The ‘Cowgirls of Color’ is one of the country’s first African American women’s rodeo squad. The women come from D.C. and Maryland and train in Calvert County, Md.
Two years into her love affair and Kish Bowles is still riding high.
“I absolutely love it,” she said. “When I talk about it I get emotional - it’s a tingly feeling. It evolved my life and helped my life and helped me to grow as a woman and get through the grieving process,” she explained. “I used to come here depressed and no one knew but as I rode it got better and better and better.”
To truly understand why, we have to go back to the black and white westerns she would watch with her mom as a child.
“I found out after she passed that she used to ride. She had a horse and I never knew."
Her mom would also always attend the Bill Picket Rodeos – the country’s only all black rodeo.
“She would go every year and ask me to go and one year I did go and we were sitting in the audience and there were only two or three women in the entire rodeo. I remember sitting there thinking I would love to do that one day. I wonder how they learned to do that,” Bowles recalled, “and my mother passed two or three years after that and two years later, I was in that rodeo with these girls.”
They are the Cowgirls of Color, one of the country’s first African American women’s rodeo squad based right here in Prince George’s and Calvert Counties, some members even hail from Southeast, D.C.
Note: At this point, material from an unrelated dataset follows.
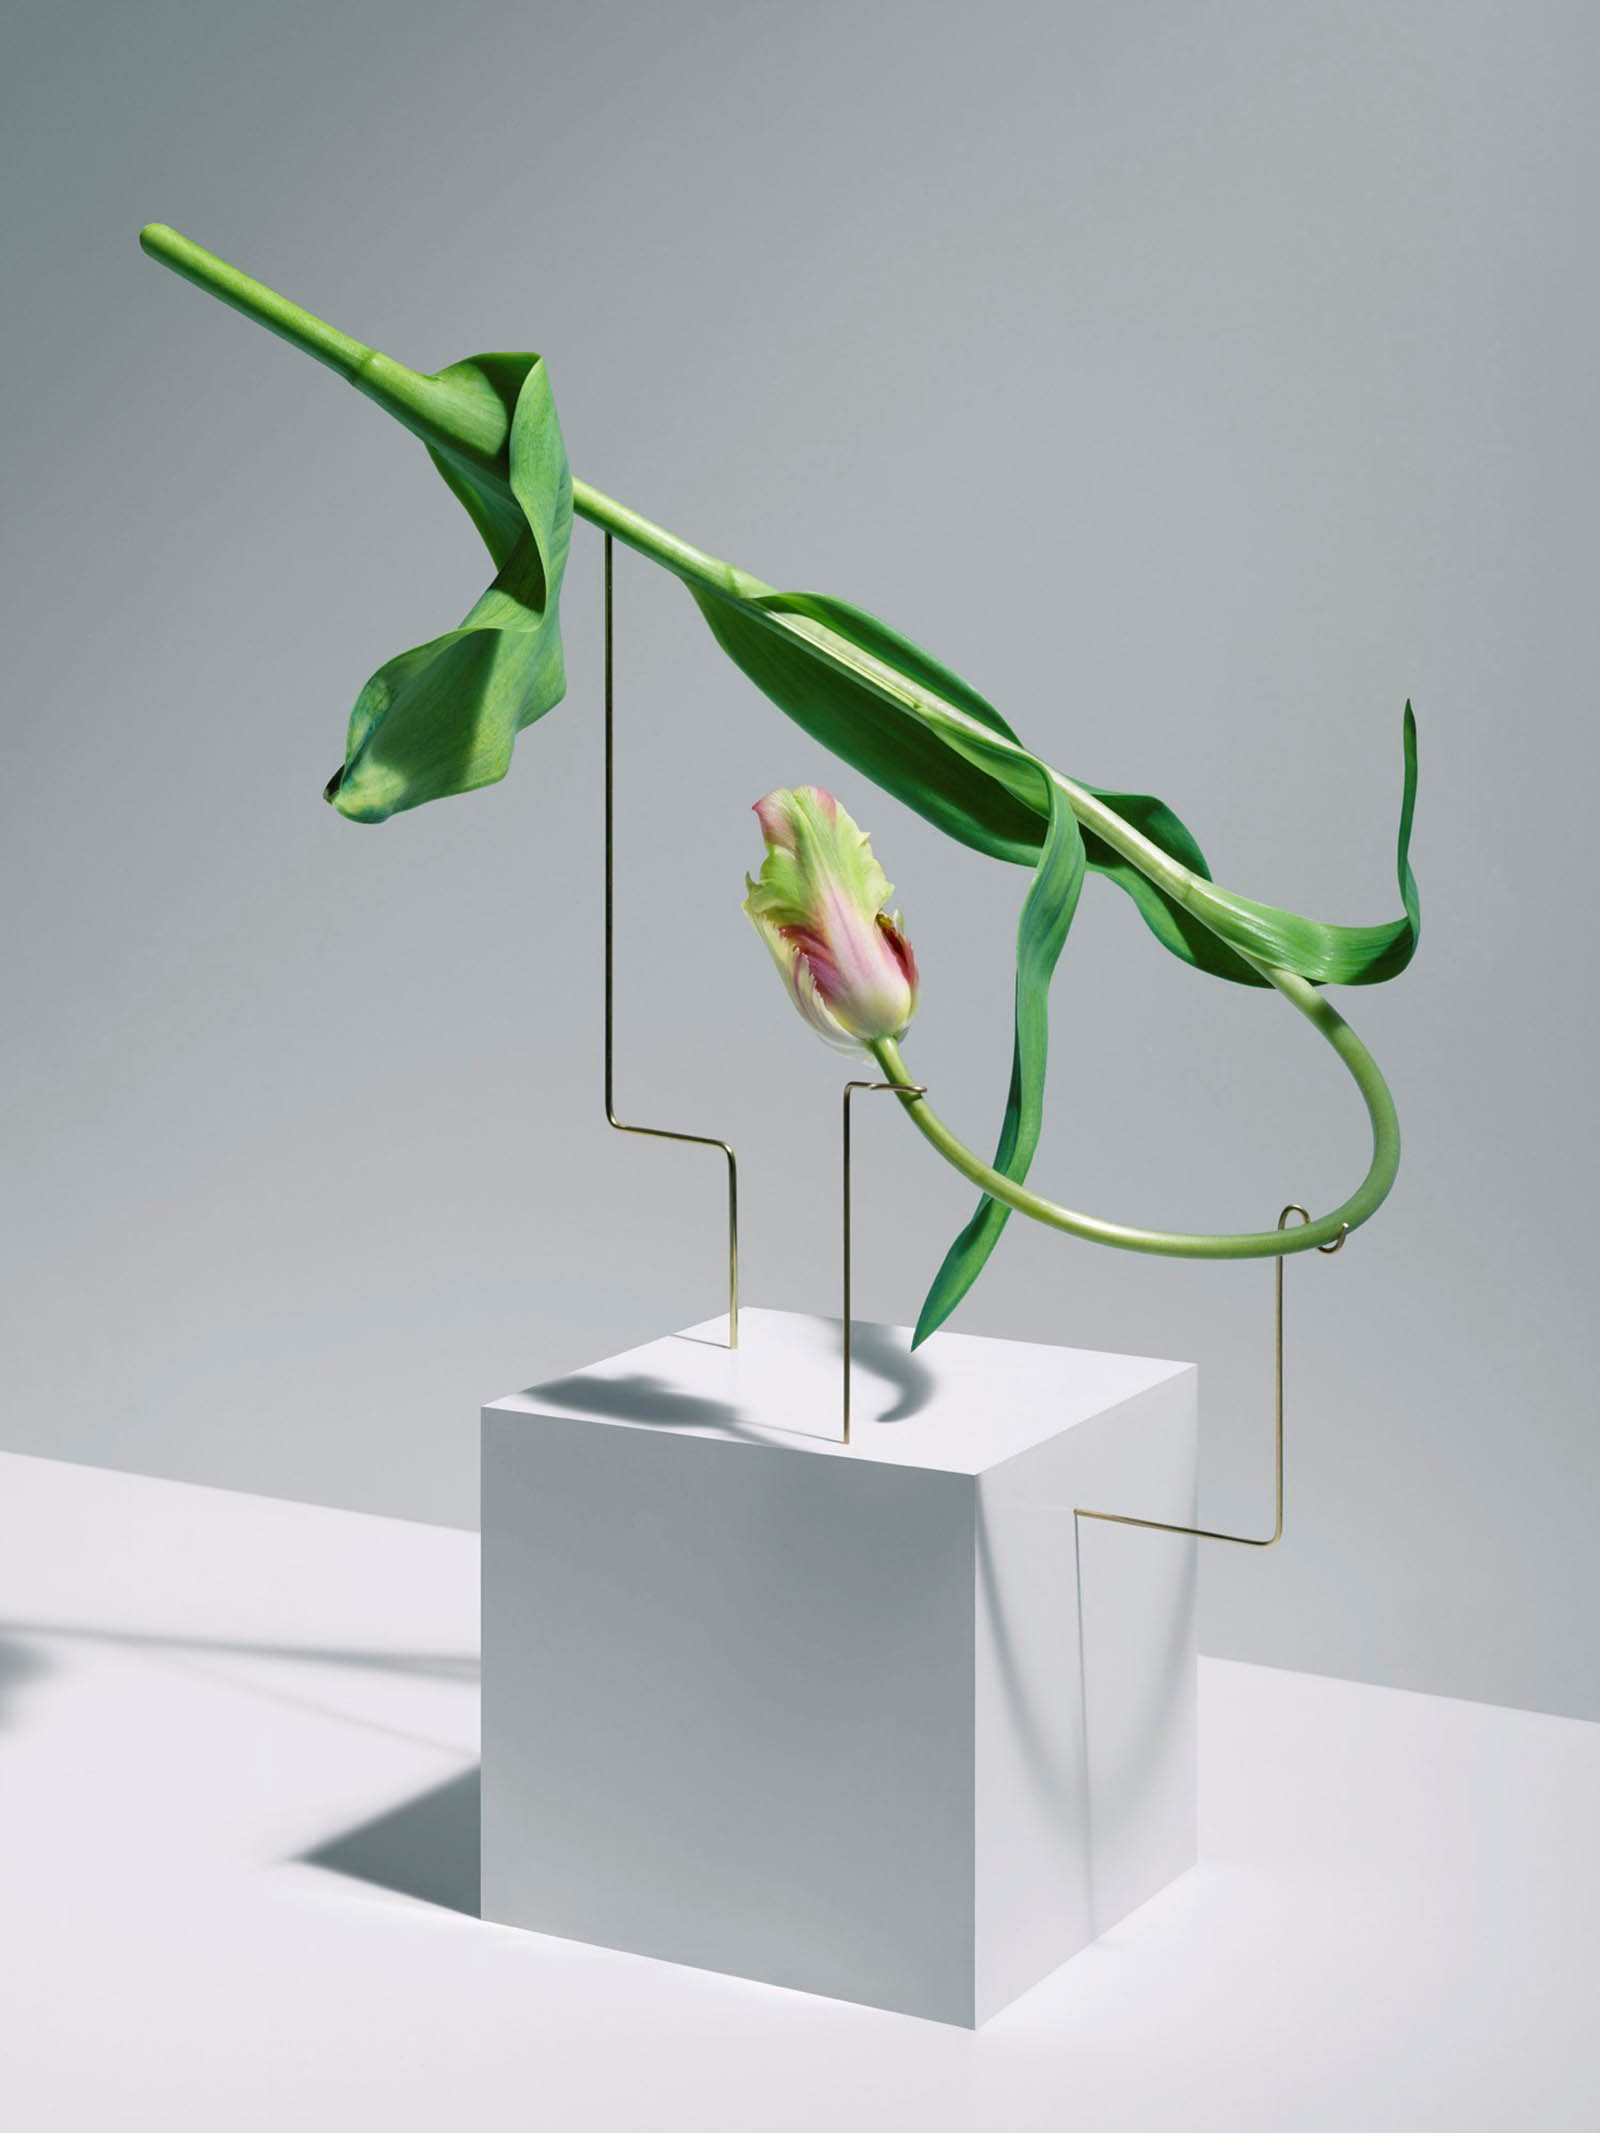 serie postures, los tulipanes en movimiento de Carl Keiner

Pinky Britt, KB, and her sister Pennie.
“I’ve never seen horses in the city unless it was a police officer,” said Selina “Pennie” Brown, “so to be able to ride horses and be a part of this cowboy community and go to rodeos it’s like, ‘how did this happen?’’
Three of the four-member relay team just started riding competitively two years ago, when they met veteran horseman Dr. Ray Charles Lockamy who offered to train them.
Sandra Dorsey, who goes by Pinky, returned to her roots: she competed as a teenager.
“I found myself again,” she said.
“It’s my teammates who push me it’s my teammates that give me confidence,” said Brittaney Logan.
The cowgirls are not only competitors, they’re mentor, inspirations, and teachers for first timers of all ages. They hope to spread the love of horses to young black girls and share the lessons they learned.
“The goal is to be able to reach out community and our sisters,” said Brown, “unite and help these horses and let the horses help us.”
KB Bowles said riding gives her a sense of “empowerment, courage, and freedom” she would like to pass on to the younger generation who may come up after her.
When they’re not riding the cowgirls have day jobs in fashion, pet grooming, baking and mentoring.
Selina Brown has a non-profit afterschool program in Southeast, D.C. and is now focusing on horse riding.
The cowgirls typically compete locally, but have been invited to attend rodeos around the country. They are raising money and looking for sponsorship.